Лифшиц подошёл к нам с Миланой и объявил:
– Олег, сейчас наш оператор вас с Миланой снимет на лестнице. Задача такая. Подходишь к Милане, берёшь за руку. Потом вы сходите к машине, садитесь. Мило беседуете. Понятно? Кирилл уже установил камеру. Кирилл – оператор-постановщик, – объяснил он.
Парень, похожий на хищную птицу, взглянул в видоискатель, потом на меня, и поморщился. Может быть, заметил, как я трясусь от страха? Надо взять себя в руки, не мальчик уже. Если дело не выгорит, в сущности, я не потеряю ничего.
– Лиля, покажи товарищам, где им начинать, – услышал я голос Лившица, и увидел ещё одно действующее лицо – худенькую девушку со стрижкой-каре и большими, распахнутыми глазами. Девушка прошлась по лестнице, делая пометки мелком, дошла до машины, провела жирную линию, и вернулась к нам.

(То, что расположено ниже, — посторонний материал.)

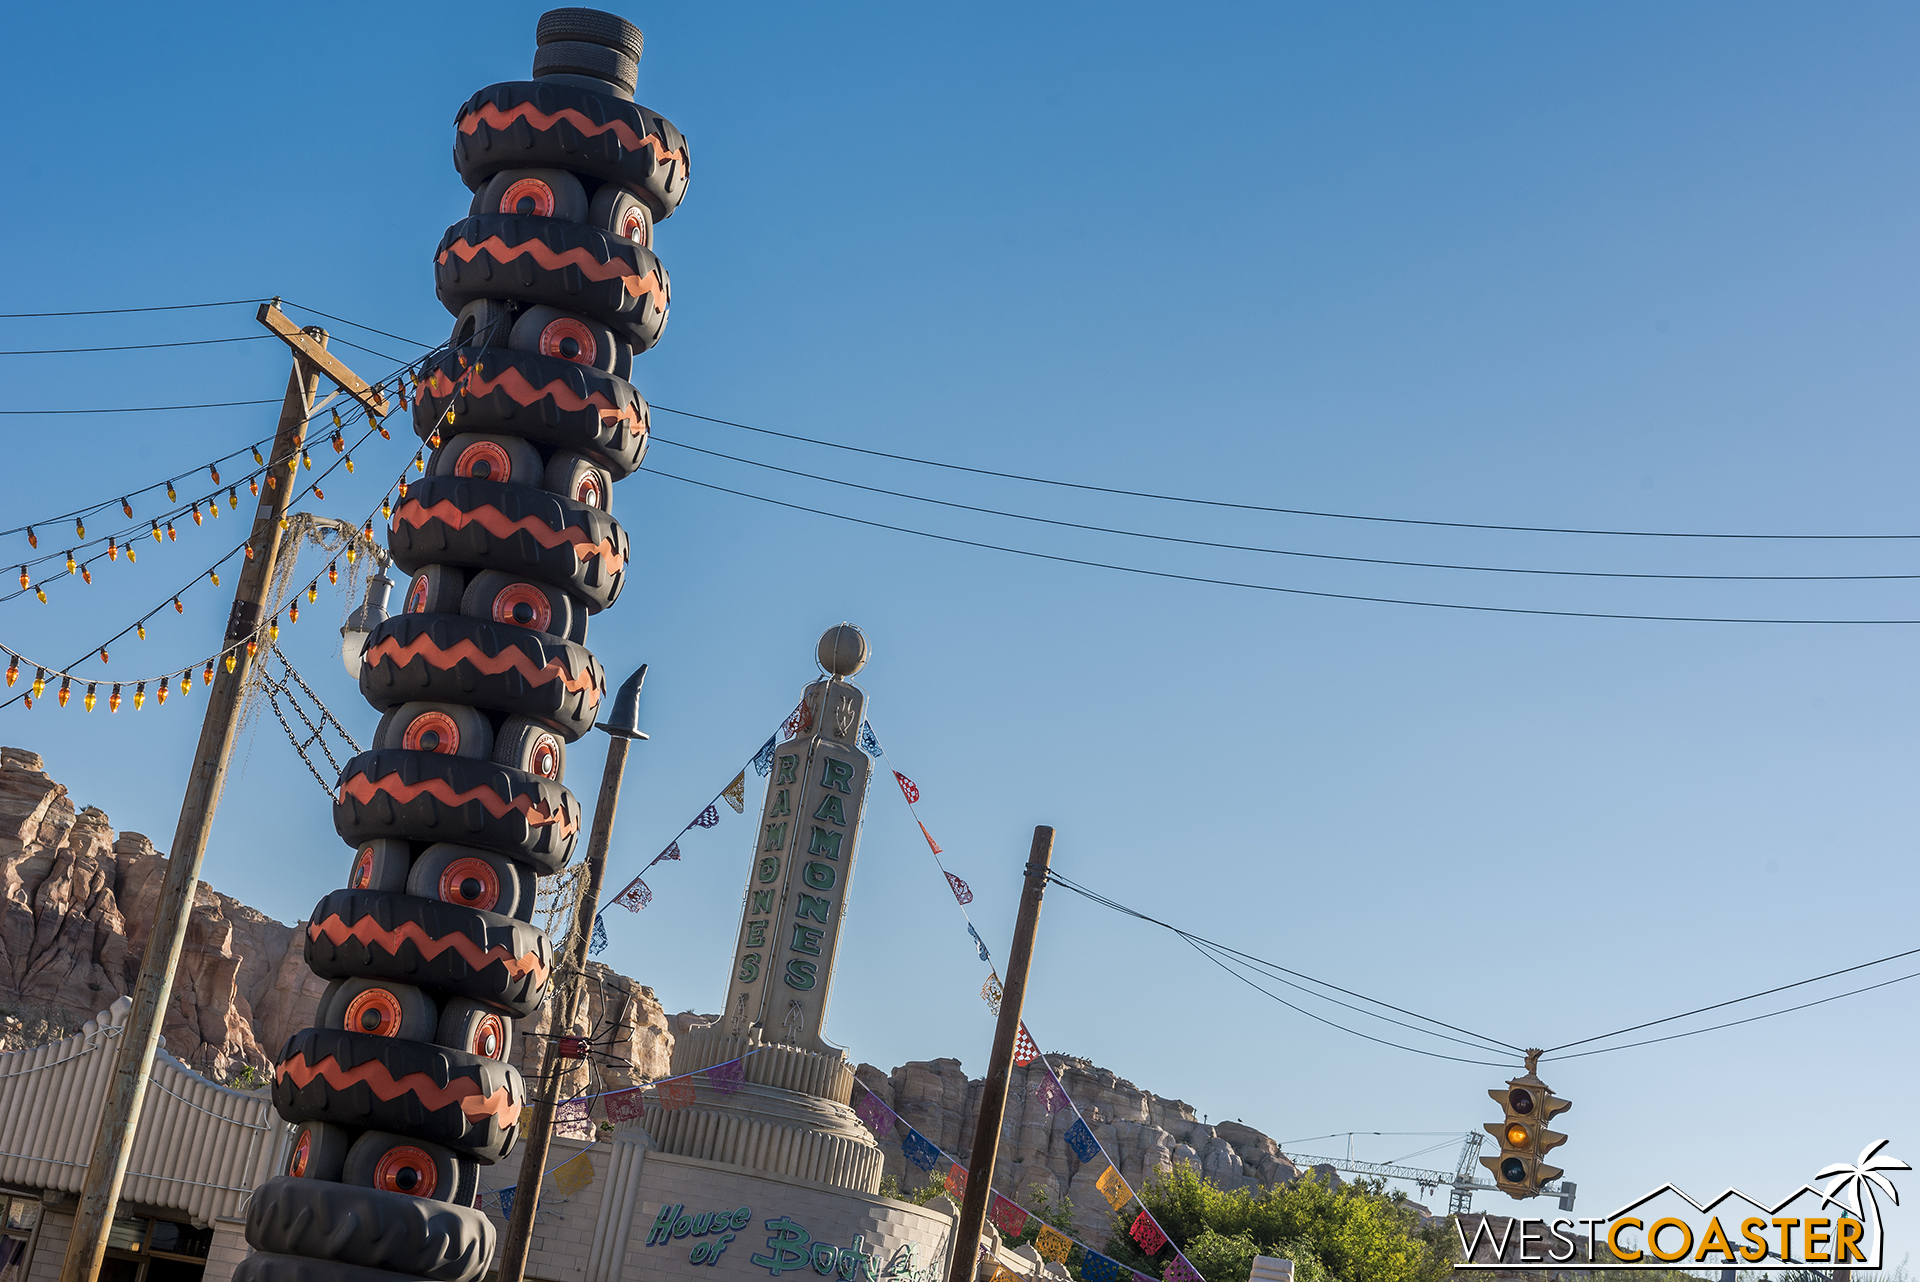 Luigi's leaning tower has a fall flair.

– Так, все готово, – удовлетворённо произнёс Лифшиц. – Начинаем!
Милана грациозно поднялась по лестнице, остановилась на верхней площадке. Лиля щёлкнула перед ней хлопушкой и Милана начала царственной походкой спускаться. Оператор следил камерой за ней, а я должен был по команде войти в кадр.
– Стоп! – завопил Лифшиц, и грязно выругался. – Лиля, быстро микрофончик прицепи Олегу. Так хорошо-хорошо. Продолжаем.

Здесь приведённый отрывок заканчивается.